---- Provided material
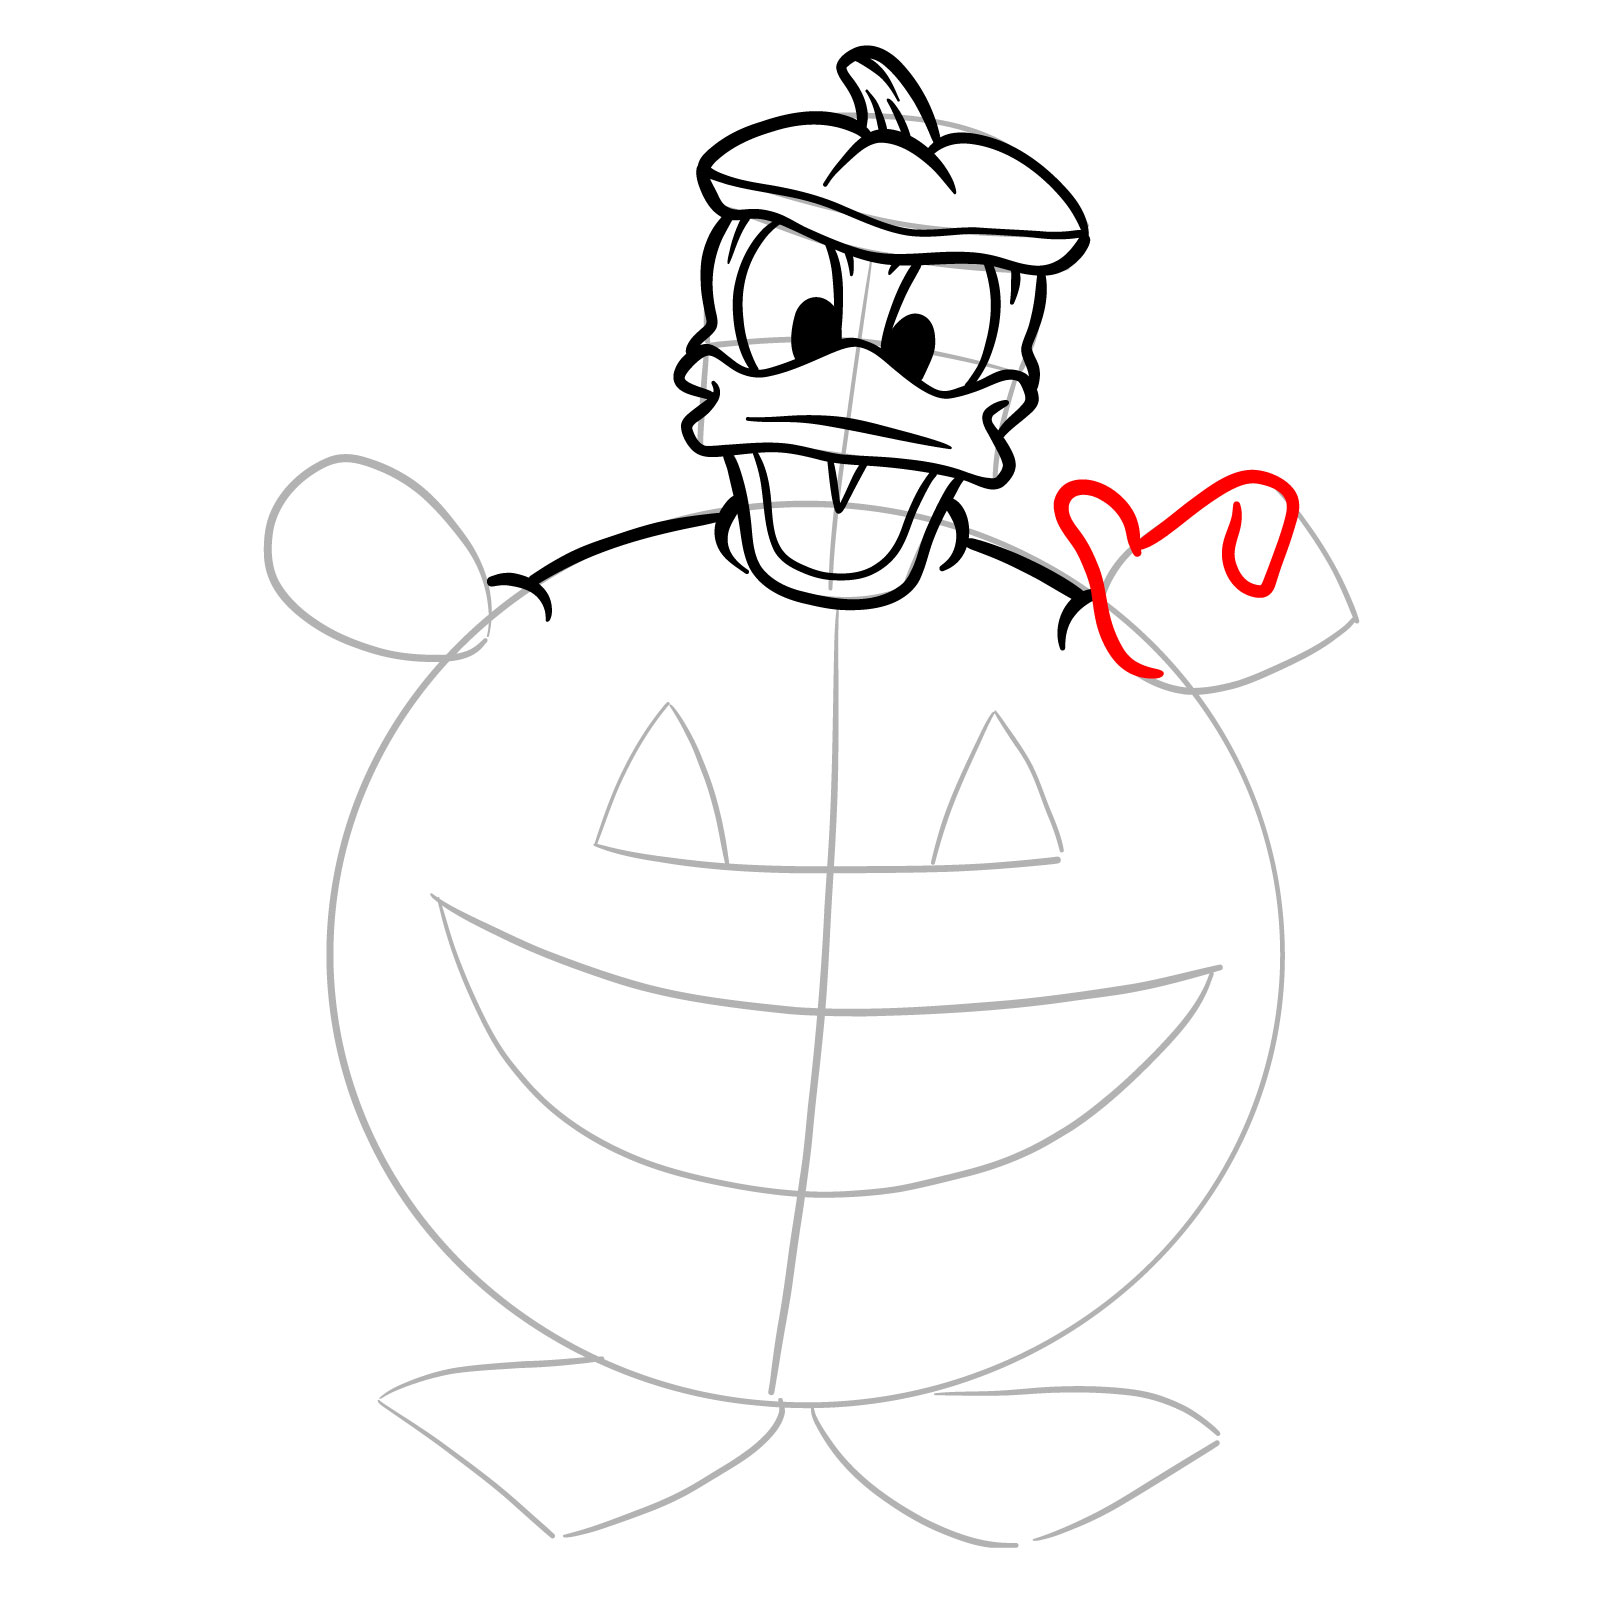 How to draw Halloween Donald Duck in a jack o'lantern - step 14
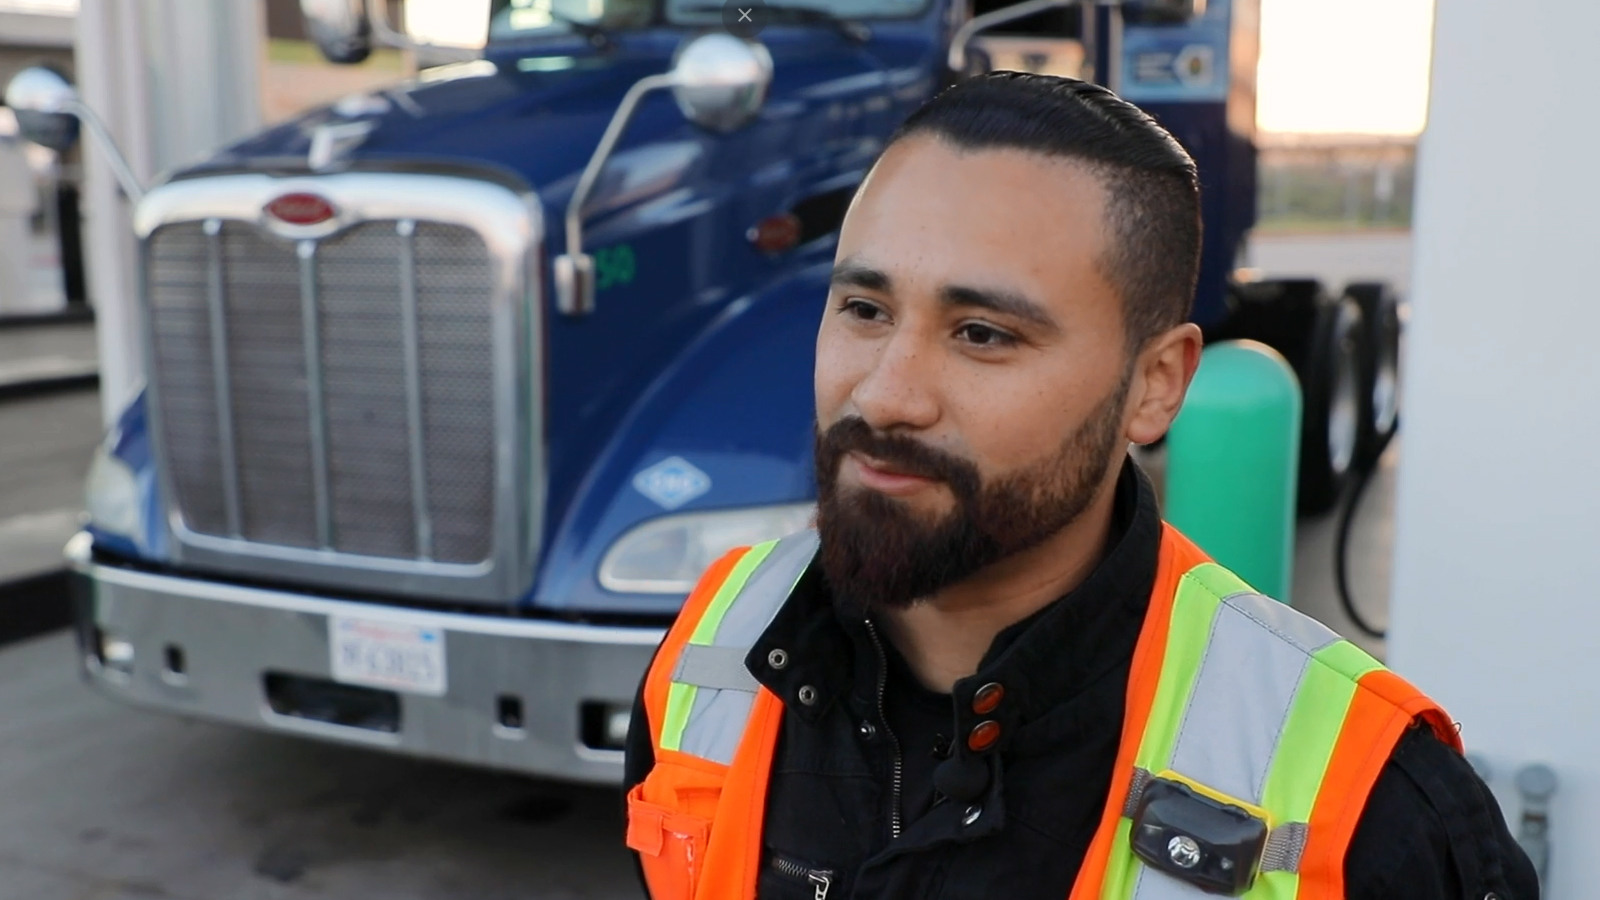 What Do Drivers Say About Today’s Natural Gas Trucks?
--------
---- Provided material
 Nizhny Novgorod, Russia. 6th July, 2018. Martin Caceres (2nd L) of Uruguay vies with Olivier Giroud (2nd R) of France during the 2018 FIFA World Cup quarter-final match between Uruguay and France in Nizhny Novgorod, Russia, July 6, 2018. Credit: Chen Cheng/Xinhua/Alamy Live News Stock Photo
--------
Activity — Here the job is to copy the listing above word for word, starting at the line with "How to draw" and ending at the line with "What Do Drivers", and to leave out the pictures.

Solution for this task —
 How to draw Halloween Donald Duck in a jack o'lantern - step 14
 What Do Drivers Say About Today’s Natural Gas Trucks?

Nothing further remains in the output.